In een vorige blogpost hebben we een aantal technieken beschreven voor het verbeteren van de kwaliteit van de antwoorden in een generatief vraag-antwoordsysteem.
Ter herinnering, RAG (Retrieval Augmented Generation) is de aangewezen architectuur om hallucinaties te vermijden door taalmodellen van context te voorzien. Vooraleer het taalmodel een antwoord genereert, wordt eerst de meest relevante informatie voor de vraag opgezocht (retrieval). Die informatie wordt dan als context meegegeven aan het taalmodel met als opdracht om een antwoord te genereren op basis van die meegeleverde context (generation). Zowel bij de retrieval-stap als bij de generatie-stap kunnen er fouten optreden.
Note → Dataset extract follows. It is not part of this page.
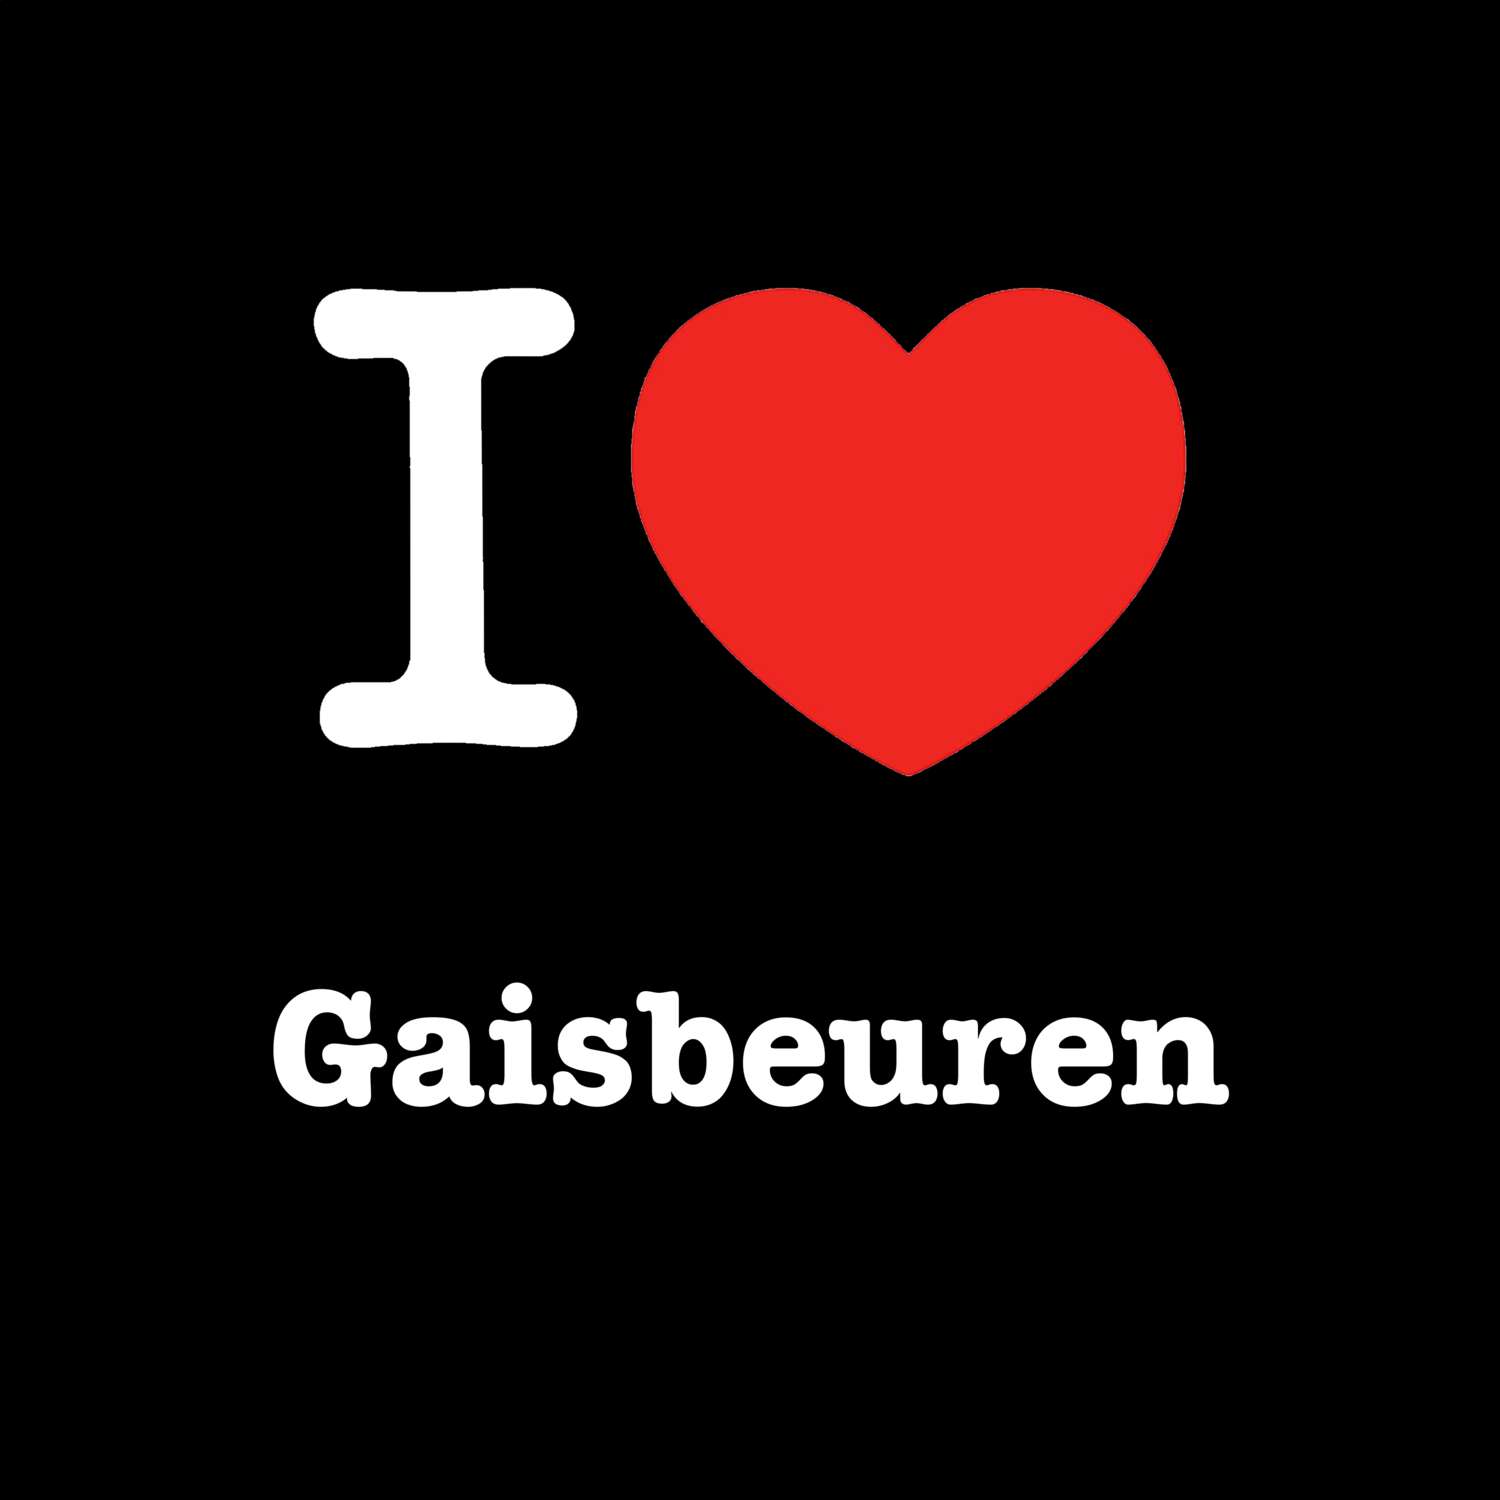 Gaisbeuren T-Shirt »I love«

Daarom is het nodig om de vinger aan de pols te houden om de kwaliteit te bewaken.
In dit artikel bespreken we het belang van het meten van de kwaliteit van een RAG systeem, de uitdagingen die zich stellen, de metrieken die we kunnen toepassen en de tools en frameworks die ons daarbij kunnen ondersteunen.
Het belang van evalueren
Vooraleer we aangeven hoé we een generatief vraag-antwoordsysteem kunnen evalueren, staan we toch even stil bij het waarom.
Een generatief vraag-antwoordsysteem is inherent onderhevig aan fouten (hallucinaties, onnauwkeurigheden). Het is daarom belangrijk om de kwaliteit te kennen van de output om pijnpunten bloot te leggen en de kwaliteit gericht te kunnen verbeteren.
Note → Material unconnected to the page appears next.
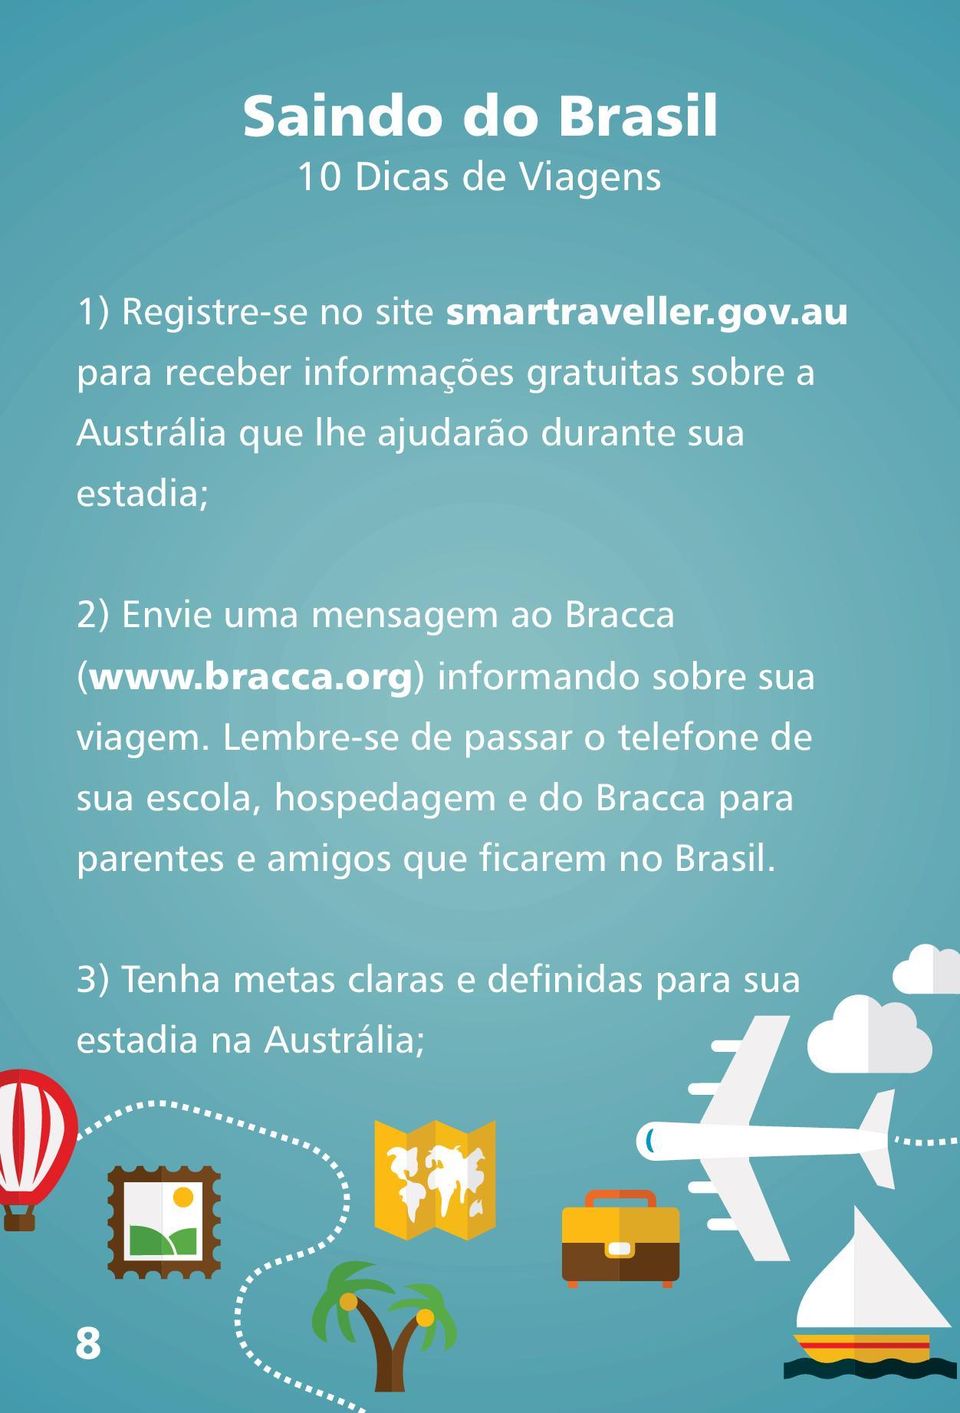 mensagem ao Bracca (www.bracca.org) informando sobre sua viagem.

Evaluaties laten toe om een benchmark op te stellen van een eerste versie van het vraag-antwoordsysteem. De kwaliteit van nieuwere versies van het systeem kan dan vergeleken worden met deze baseline of vorige versies. Zo kan de impact van veranderingen gemeten worden, zoals het verbeteren van de retrieval component, het inzetten van een ander taalmodel of een aanpassing van de prompt.
Evaluaties kunnen helpen bij het nemen van de beslissing om het systeem al dan niet in productie te nemen. Ze kunnen het vertrouwen in het systeem vergroten door aan te tonen dat het nauwkeurig en betrouwbaar is.
De uitdagingen bij evalueren
Metrieken – In tegenstelling tot traditionele software, is de output van LLM-gebaseerde toepassingen niet deterministisch: een specifieke input kan leiden tot meerdere correcte (of foutieve) outputs. De output kan subjectief zijn. Daarom kunnen we als evaluatiecriterium niet eenvoudig “juist of fout” gebruiken en moeten we onze toevlucht nemen tot andere criteria. Vergelijk het met het evalueren van een opstel (niet deterministisch) versus het evalueren van antwoorden op meerkeuzevragen (wel deterministisch).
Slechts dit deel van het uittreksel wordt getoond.